Exercise - Reproduce the material below only from the line with "Shimano 9ft Finesse Feeder rod review" to the line with "How to Support Early Career Developers", both included, keeping each line exact and dropping the pictures.

Start of Supplied entries

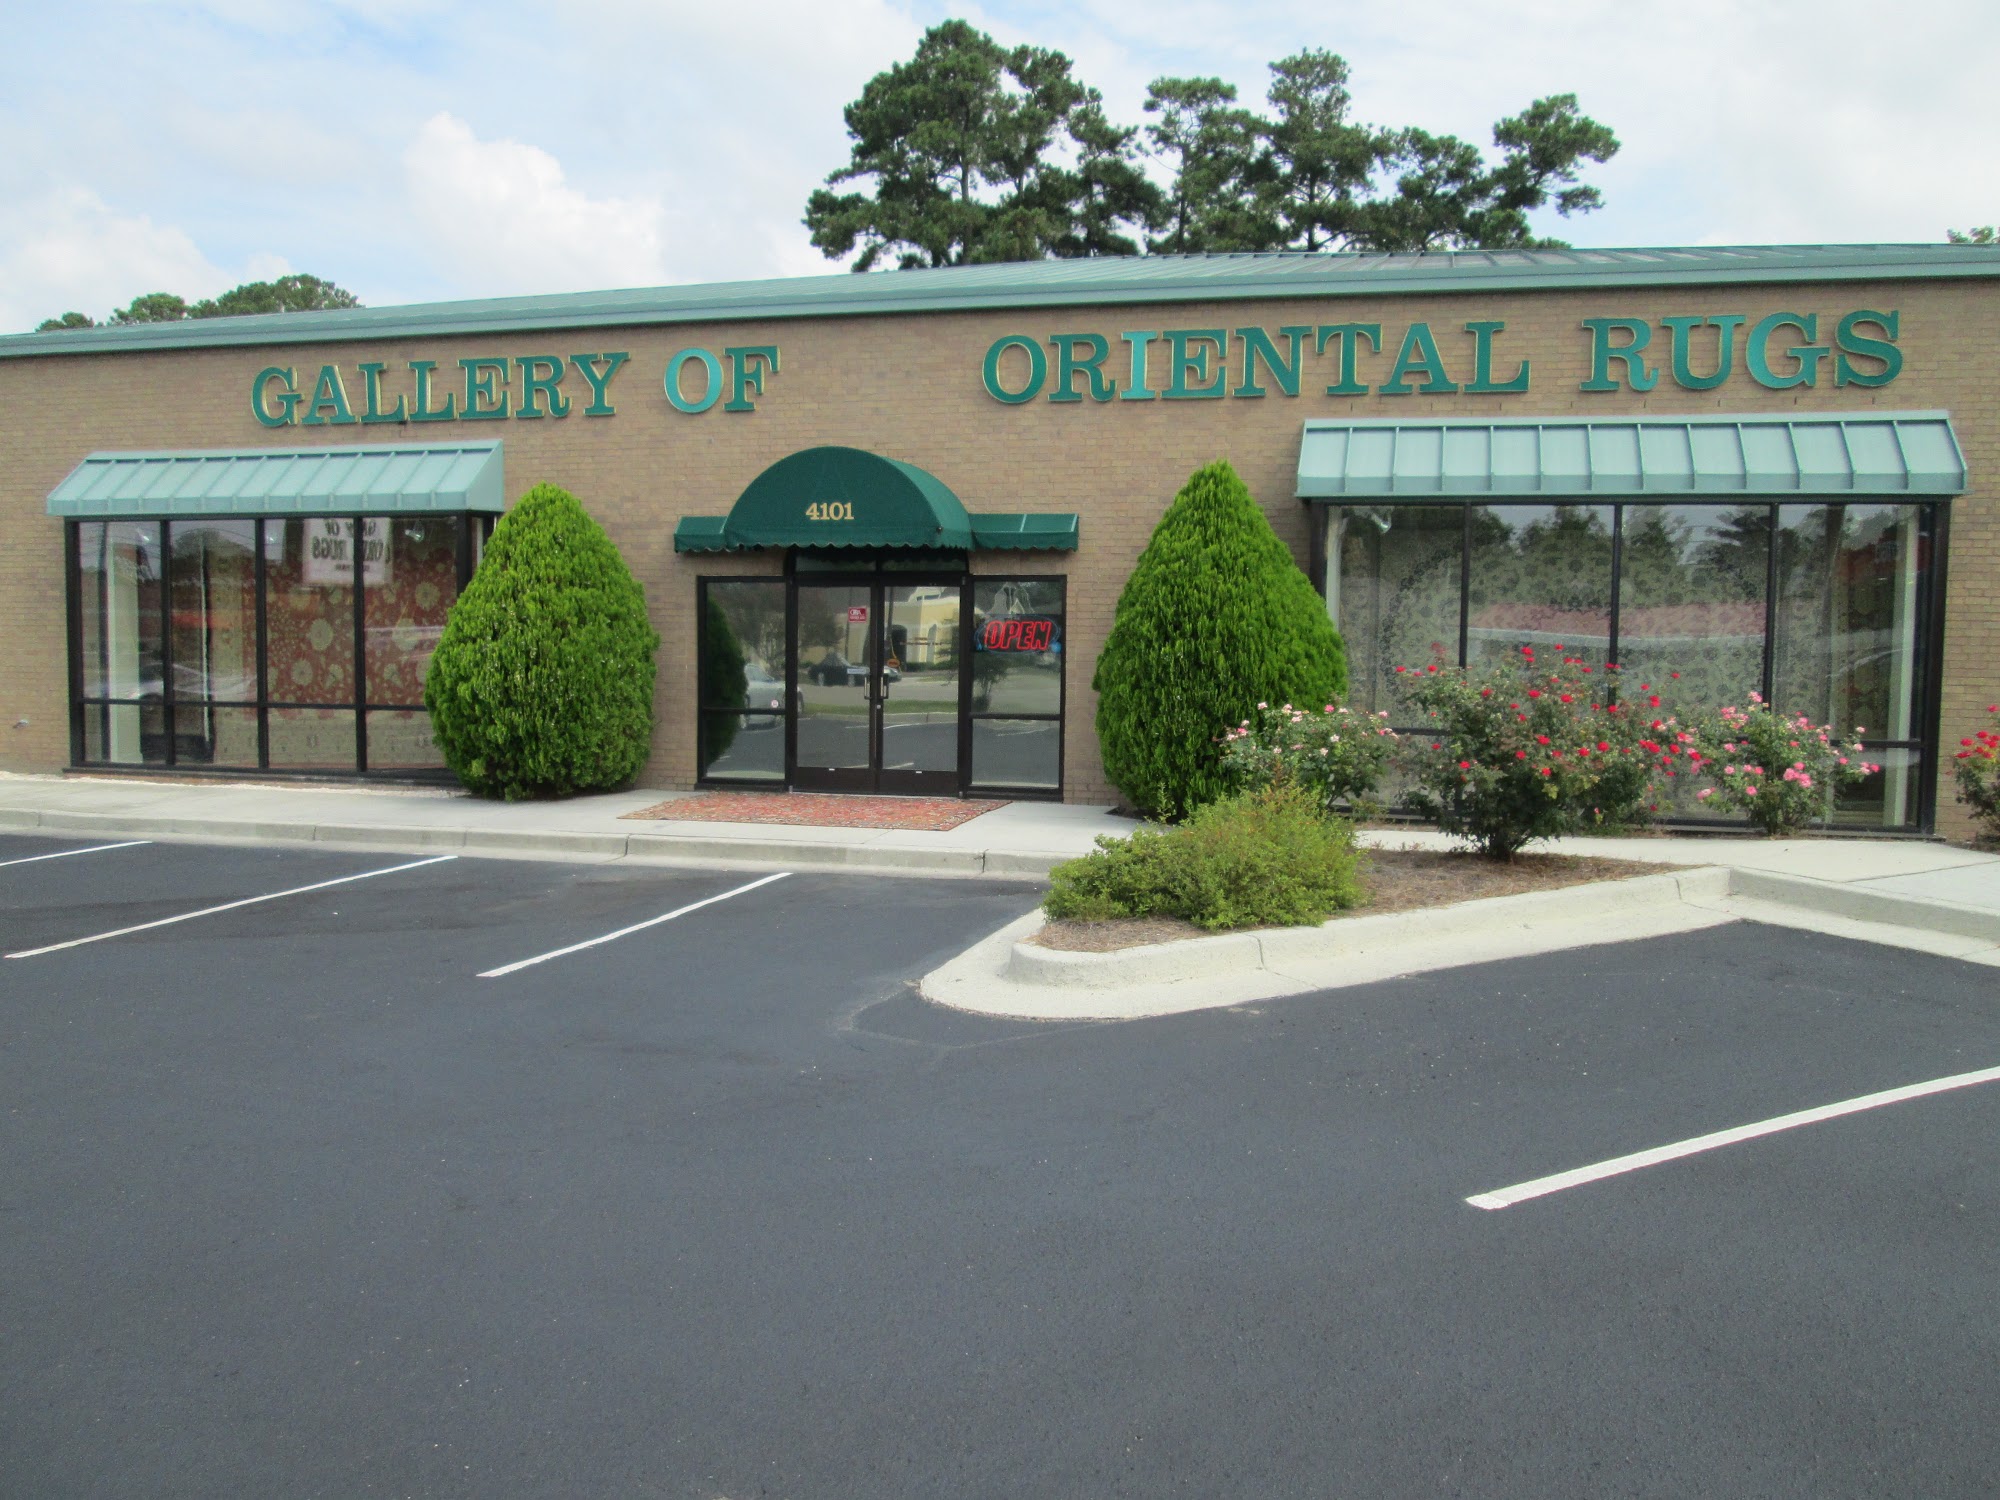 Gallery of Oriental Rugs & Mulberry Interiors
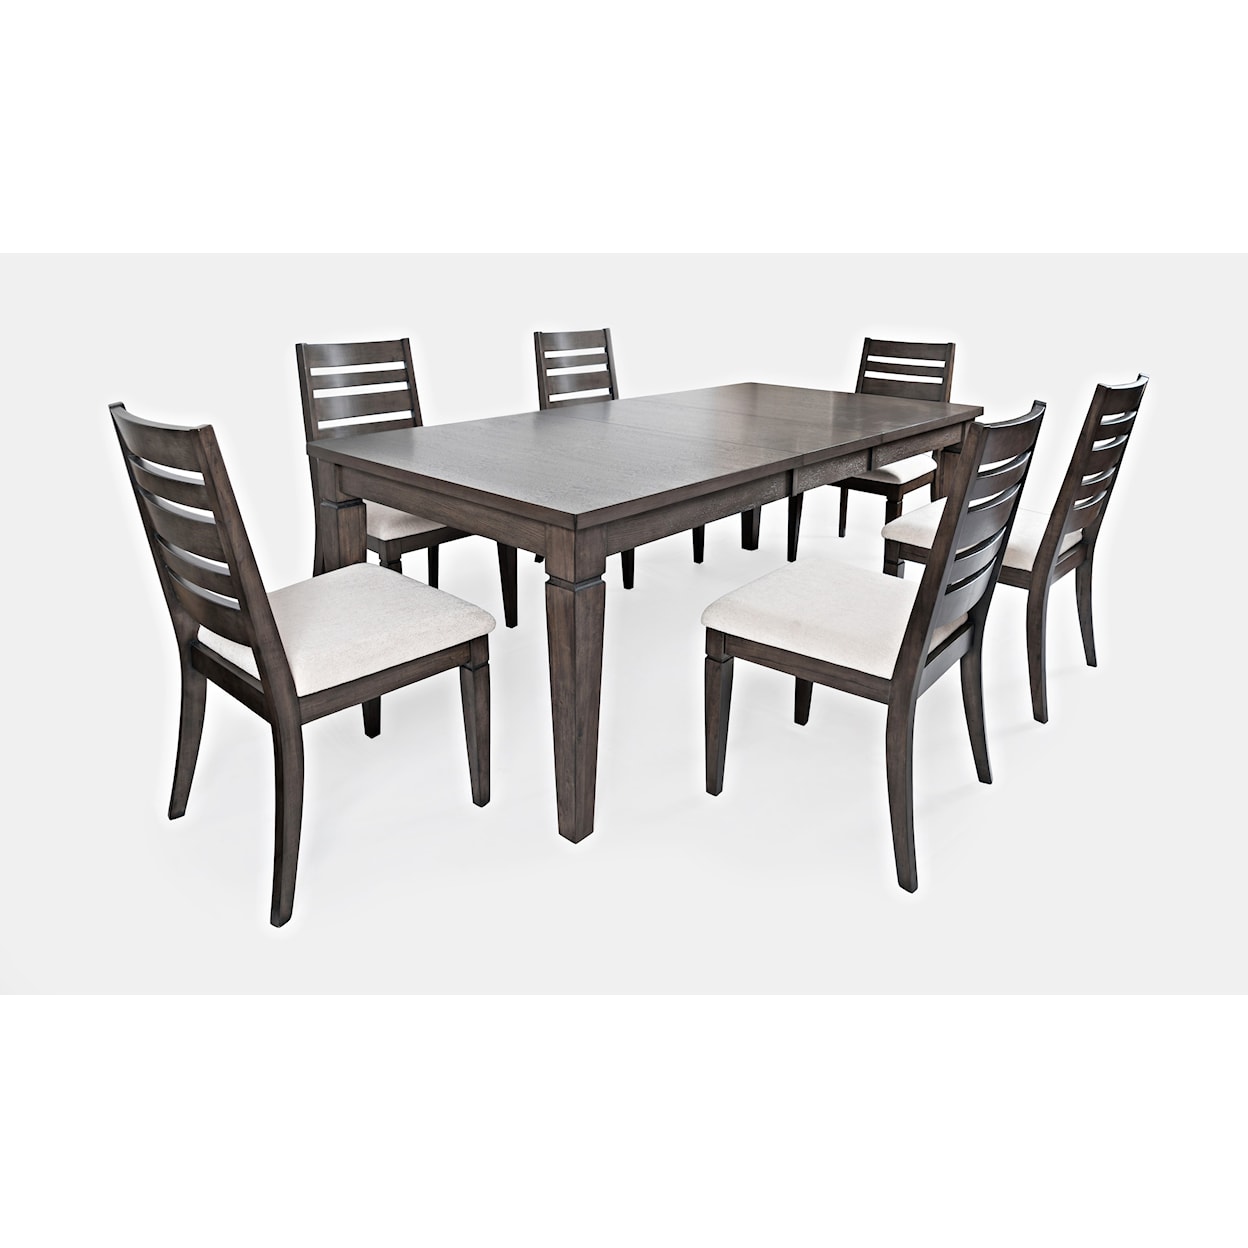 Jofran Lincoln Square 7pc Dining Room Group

End of Supplied entries
Start of Supplied entries

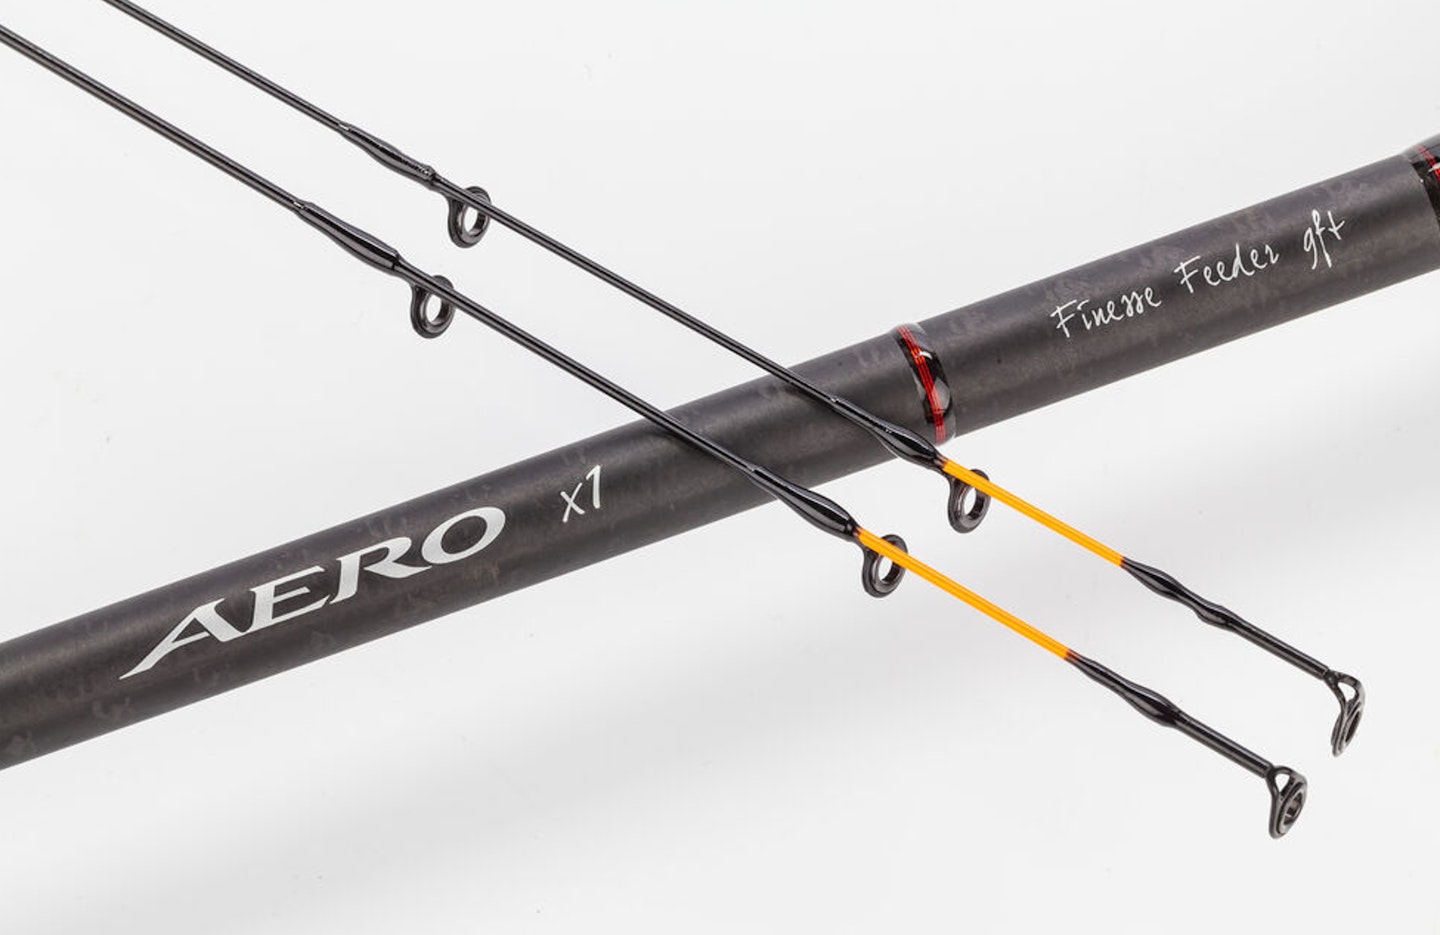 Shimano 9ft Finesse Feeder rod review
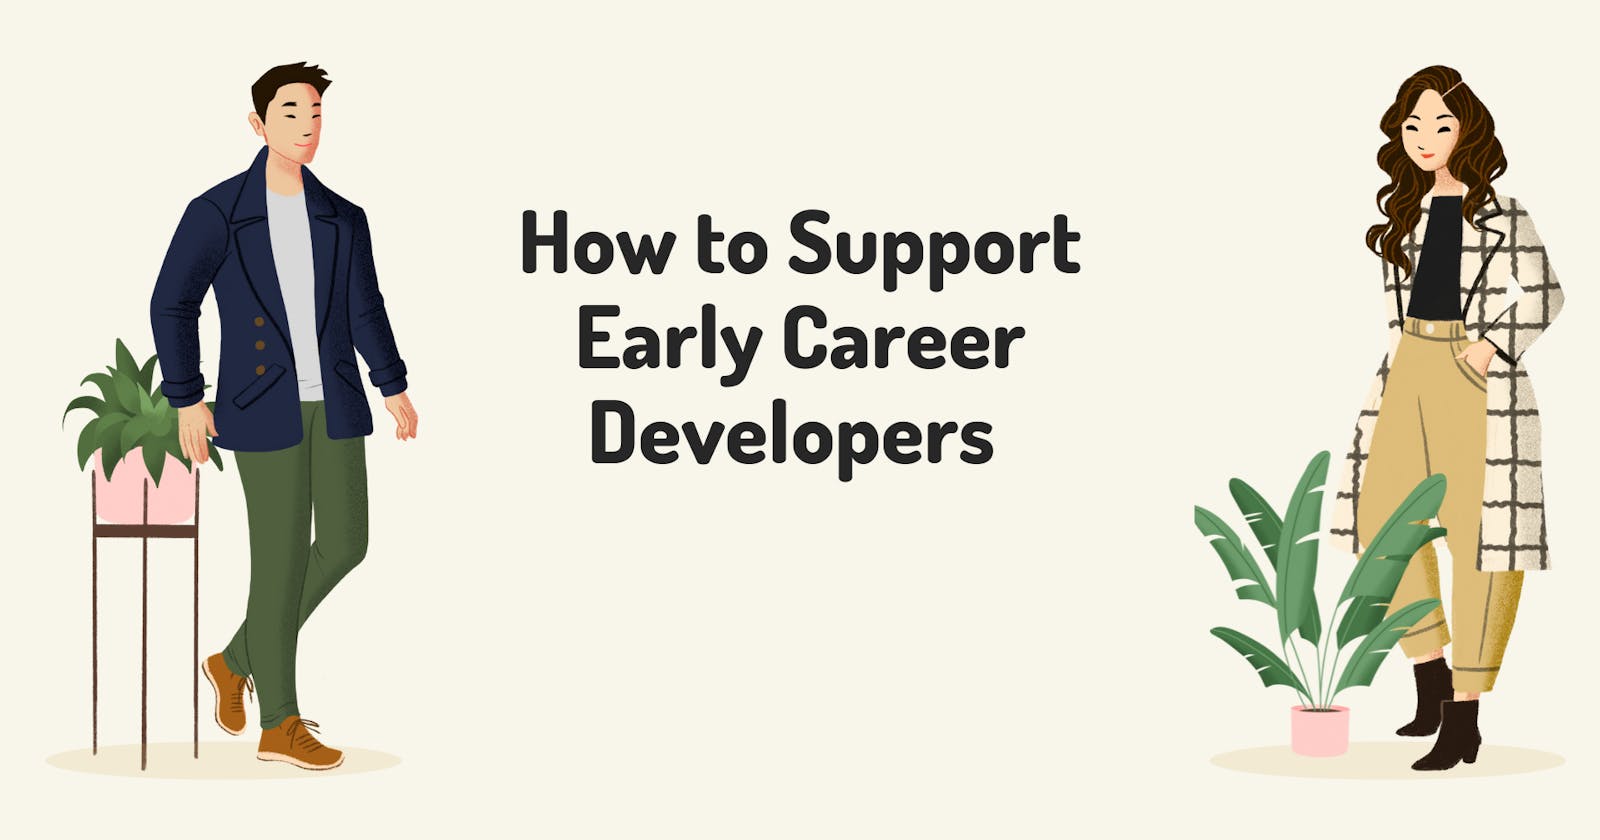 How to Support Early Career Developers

End of Supplied entries

Solution below -
 Shimano 9ft Finesse Feeder rod review
 How to Support Early Career Developers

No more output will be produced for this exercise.